Cuomo and De Blasio issued a rare joint statement today announcing a 10-point plan “to transform and fund the MTA.” Here’s a very quick summary:

  1. Restructure the MTA to centralize shared operations

  2. Congestion pricing, weed tax, and internet sales tax to generate revenue for capital needs

  3. Cap fare increases at two percent per year (not far off from what the current hikes do)

  4. MTA board appointments end when their elected official leaves office

  5. Combat fare evasion “with both personnel and station design modifications that do not criminalize fare evasion but instead prevent fare evasion, sanction violators and increase enforcement”

  6. An independent audit of the MTA because Cuomo doesn’t believe their numbers

  7. A Regional Transit Committee will review toll/fare increases and the capital plan (although it’s not clear what power they have will have)

  8. Implement design-build for all projects, and all major construction projects will be reviewed by “construction and engineering experts who are not affiliated with the MTA or its consultants.” Cuomo’s favorite University deans will head that review team.

  9. Finish the Subway Action Plan (at Sunday’s presser, the MTA estimated about $700 million of the $836 million has been spent)

  10. Work with the legislature to do all the above stuff

As you can tell, pretty much every single one of these points is a huge devil-in-the-details wasp nest, and Reinvent Albany has already raised concerns a few potential stingers. There will be plenty of time to discuss all of it.

For now, I want to highlight one line that’s flying under the radar but deeply concerns me because it demonstrates a lack of attention to detail and reveals the underlying thesis driving this entire plan.

In Point 8, the plan calls for the construction review group to “also review the plans for signal system upgrade methodology and decide the best system to use, specifically comparing Communications Based Train Control (CBTC) to Ultra-Wide-Band (UWB) technology for safety, timeliness and cost.”

This demonstrates a fundamental misunderstanding about what CBTC and UWB are. CBTC is an umbrella term for any signaling system that automatically controls trains using a communications network to monitor their precise train locations. This can be done using a variety of techniques and approaches, but the basic concept is in use in Hong Kong, Paris, Singapore, and London (incidentally, a pretty solid short list of some of the best metro systems in the world).

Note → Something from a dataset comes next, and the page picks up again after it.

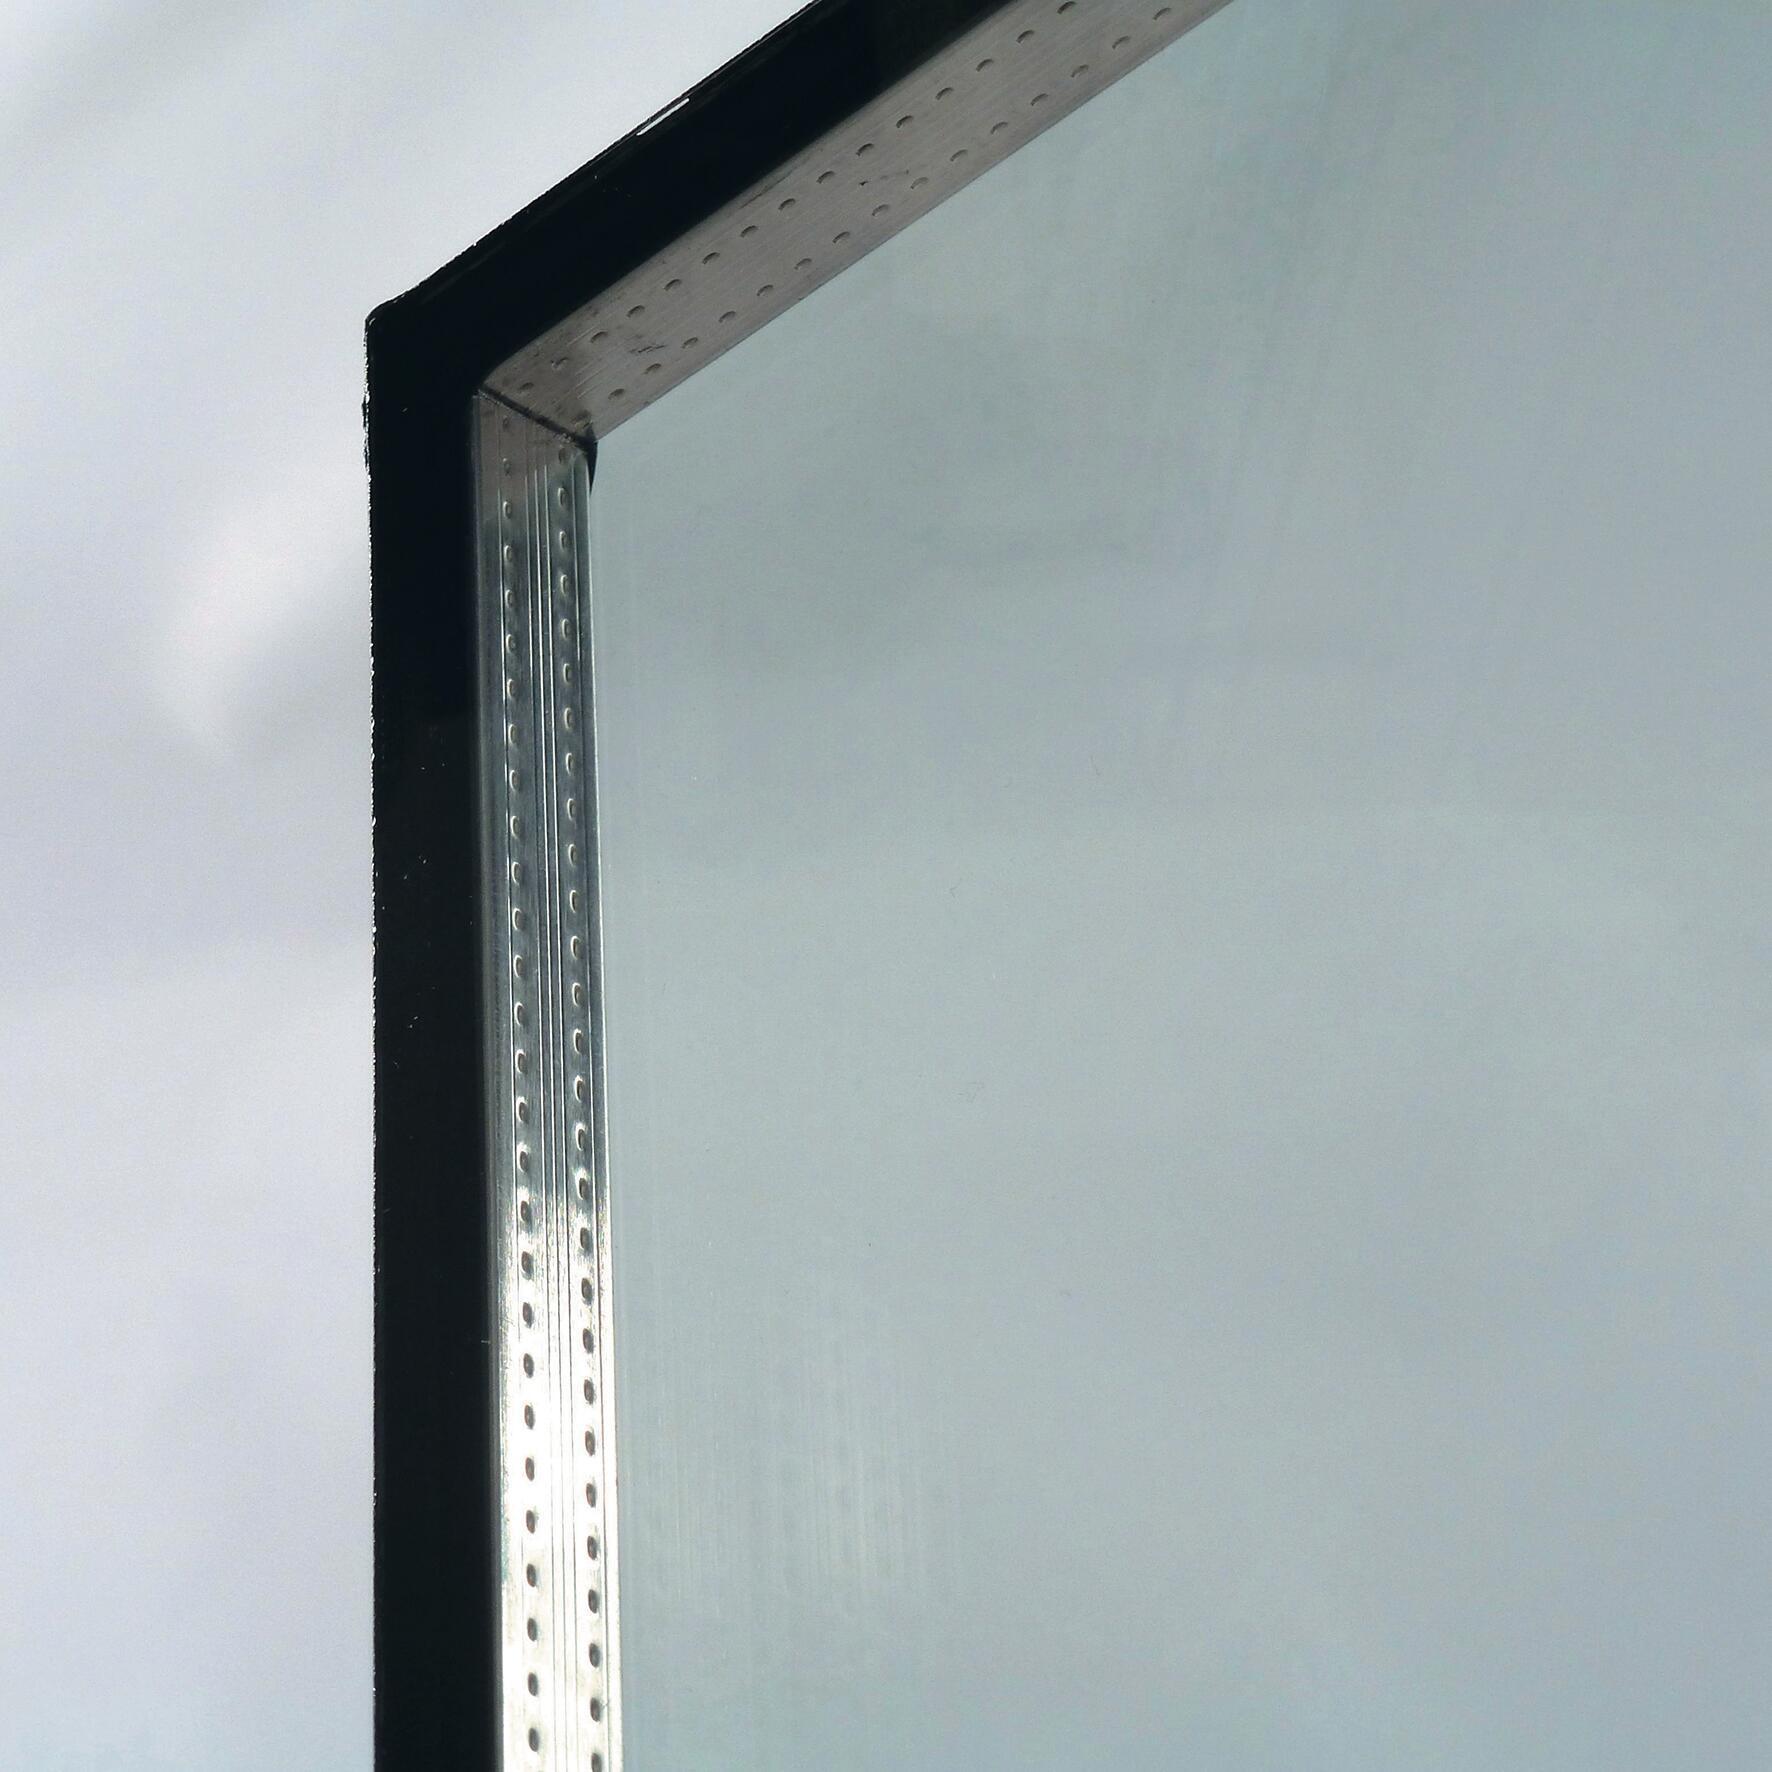 Vetro doppio stratificato trasparente Sp 23 mm

UWB, however, is not in use in any rail system anywhere in the world. As a result, I have found it exceedingly difficult to get precise details on how it would work in a signaling capacity. But, it’s basically a sub-system that would govern the “C” part of CBTC. Rather than having to use fiber optic wires or other cables that are labor intensive to wire and secure, UWB uses wireless transponders to relay information down the tunnels to a central point, probably a station. In other words, it’s kind of like upgrading from having to plug in all your devices with an Ethernet cord to using wireless instead.

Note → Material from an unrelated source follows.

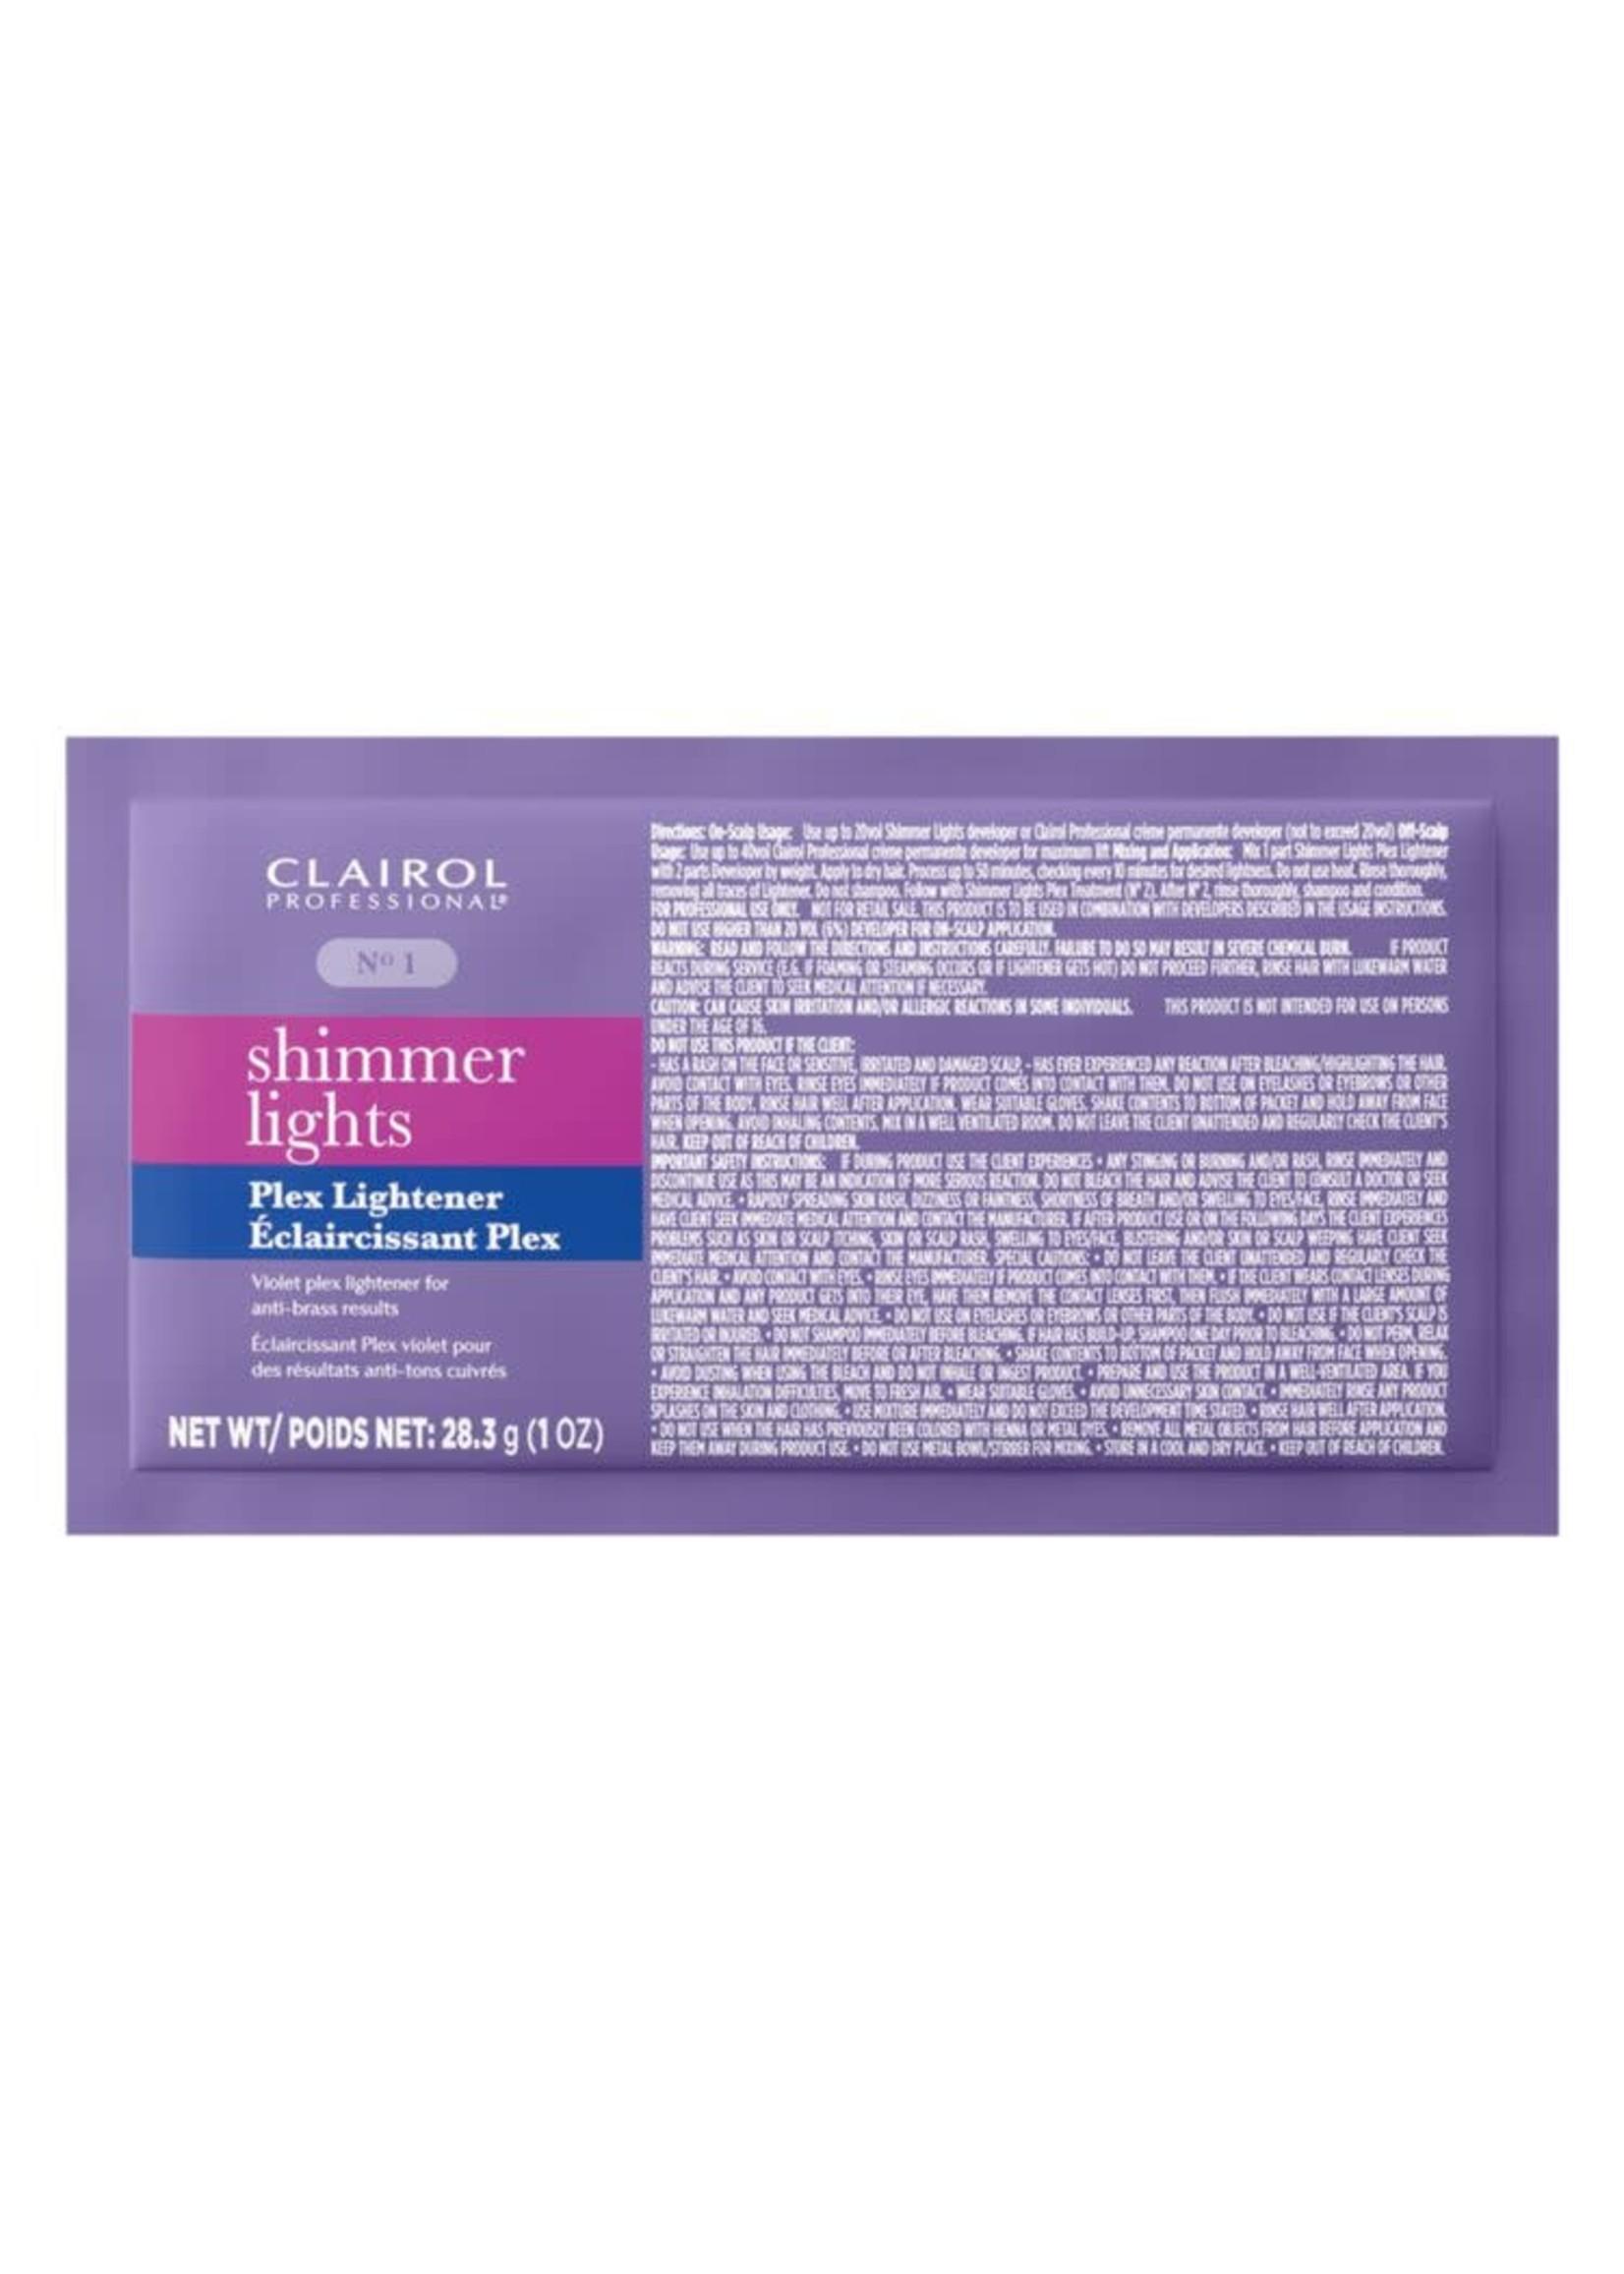 Clairol Professional Shimmer Lights Plex Lightener

None of this is to knock UWB. Should the technology work out—the MTA is still conducting tests but Andy Byford expressed optimism about its viability during Monday’s committee meeting—it would make rolling out CBTC on future lines faster and probably cheaper. But, to continue the analogy, this line in Point 8 would be like calling for these engineers to determine if we should still be using the internet, or to put in wireless routers instead. It just doesn’t make sense as an either/or. When advocating for its implementation, it’s probably best to know what you’re advocating for.

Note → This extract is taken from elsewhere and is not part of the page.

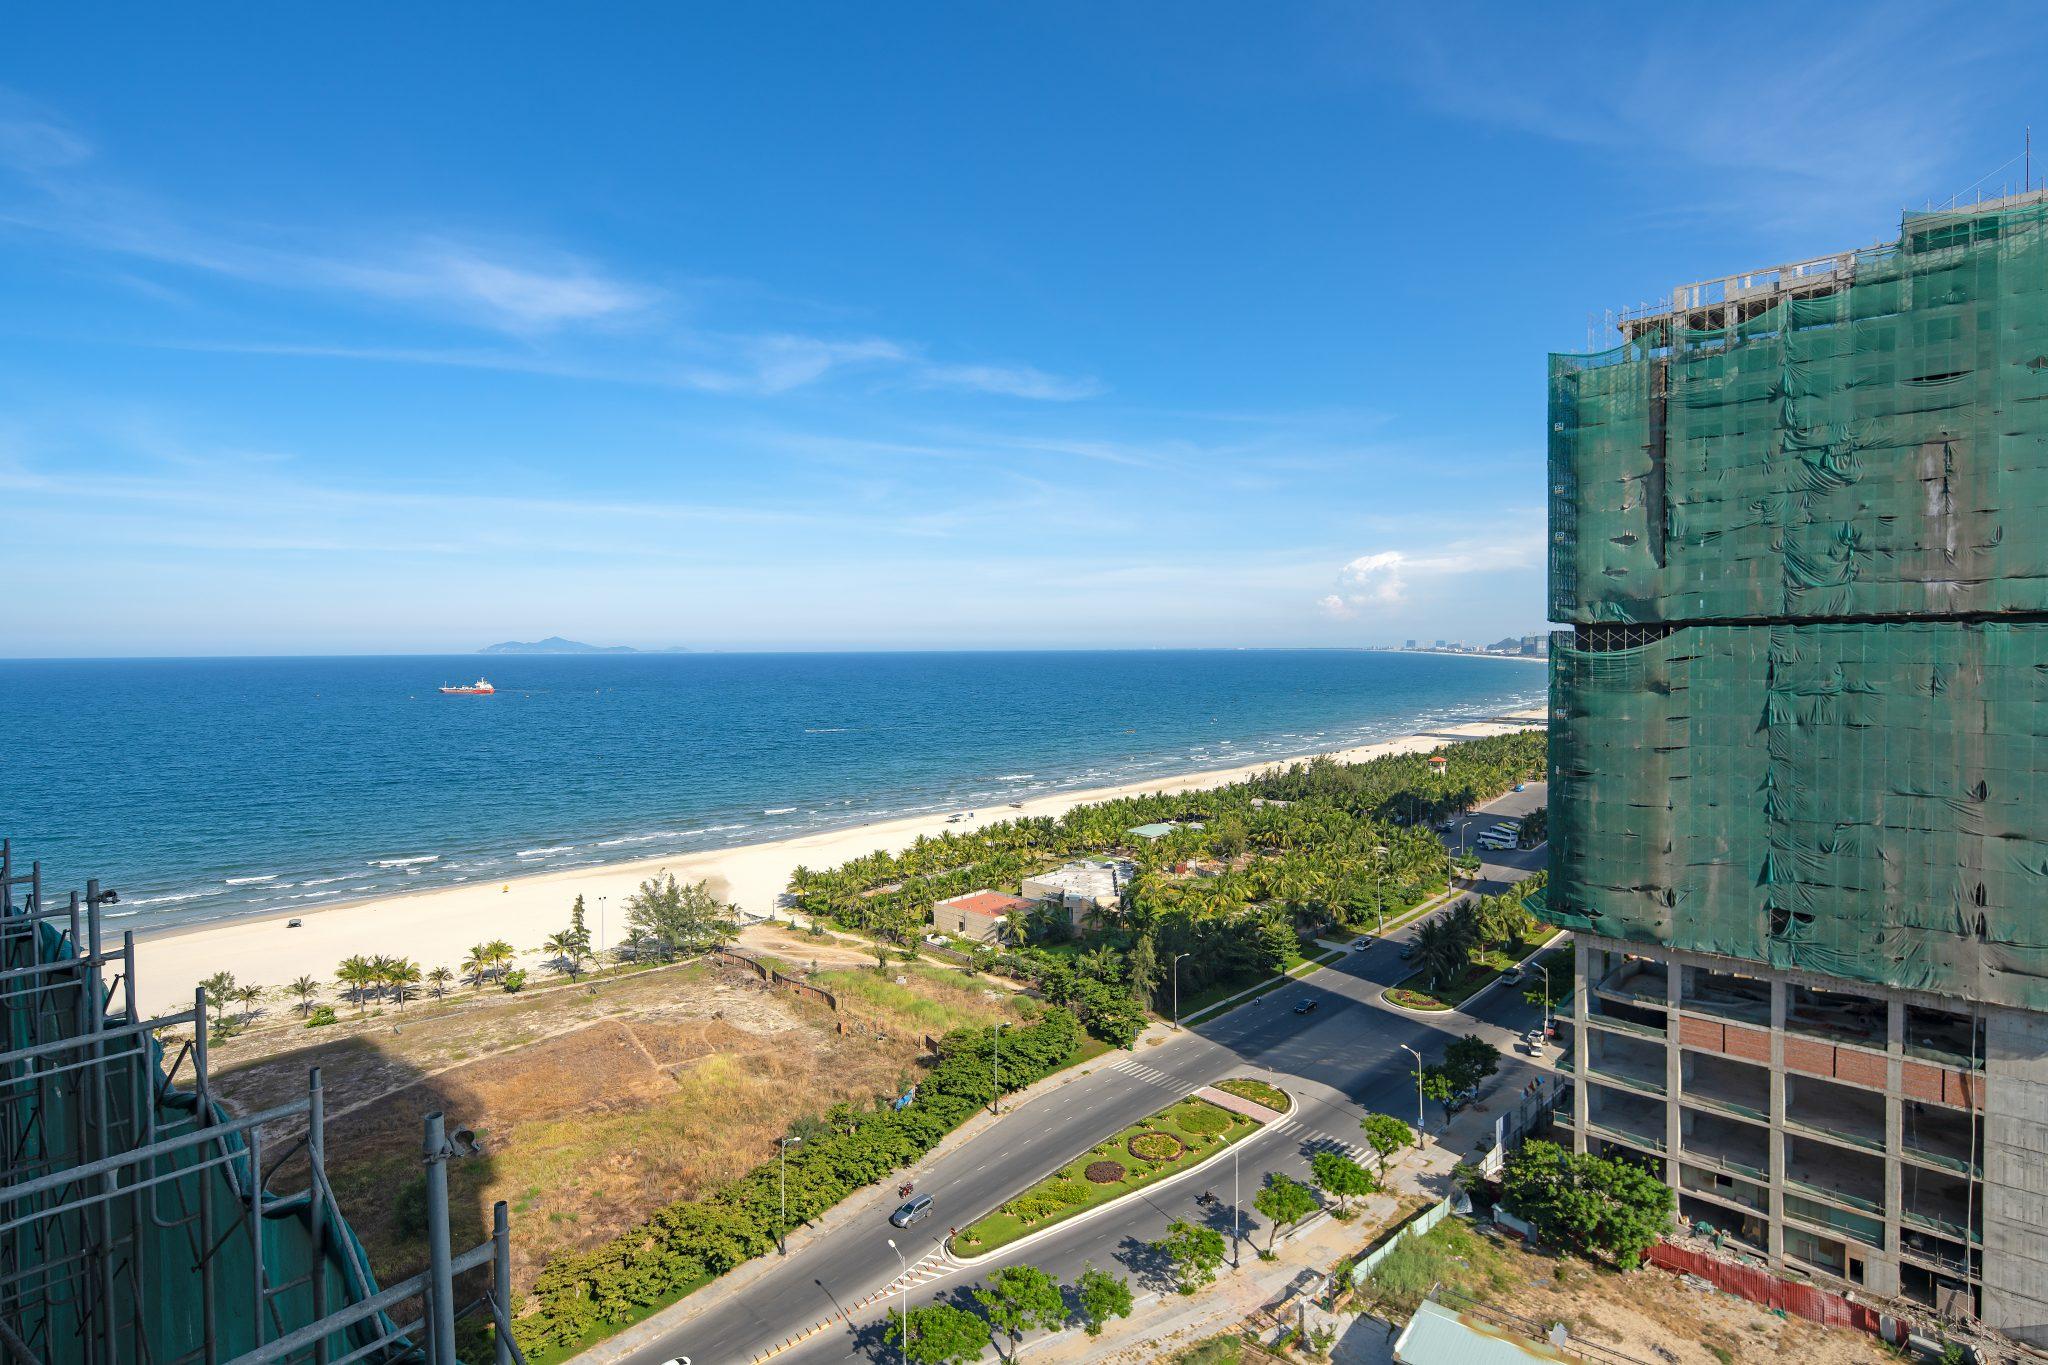 HAP9527 copy 6Nature - Danang Real Estate - Beachfront luxury condo for sale - Stunning location

A key assumption embedded within the ten points is that these outside academics, panels, and experts know how to do all this stuff better than the MTA. Certainly, the MTA has made itself an easy target, taking the better part of a decade to upgrade the L and 7 respectively. The prudent course would be to execute full, transparent independent reviews of what went wrong with those projects. That hasn’t happened, nobody has committed to it happening, and we’re simply to trust that Byford and his new signals chief, Pete Tomlin, can do it better and faster.

This, along with the MTA’s many other inefficiencies and ills, has created a massive opening for the governor to exploit. He’s hellbent on being the savior, first with the Subway Action Plan, then with the L tunnel, and now he wants the same exact “experts” (they have zero expertise in signaling technology) to sign off on UWB. All the while, it’s less and less clear he even knows what it is.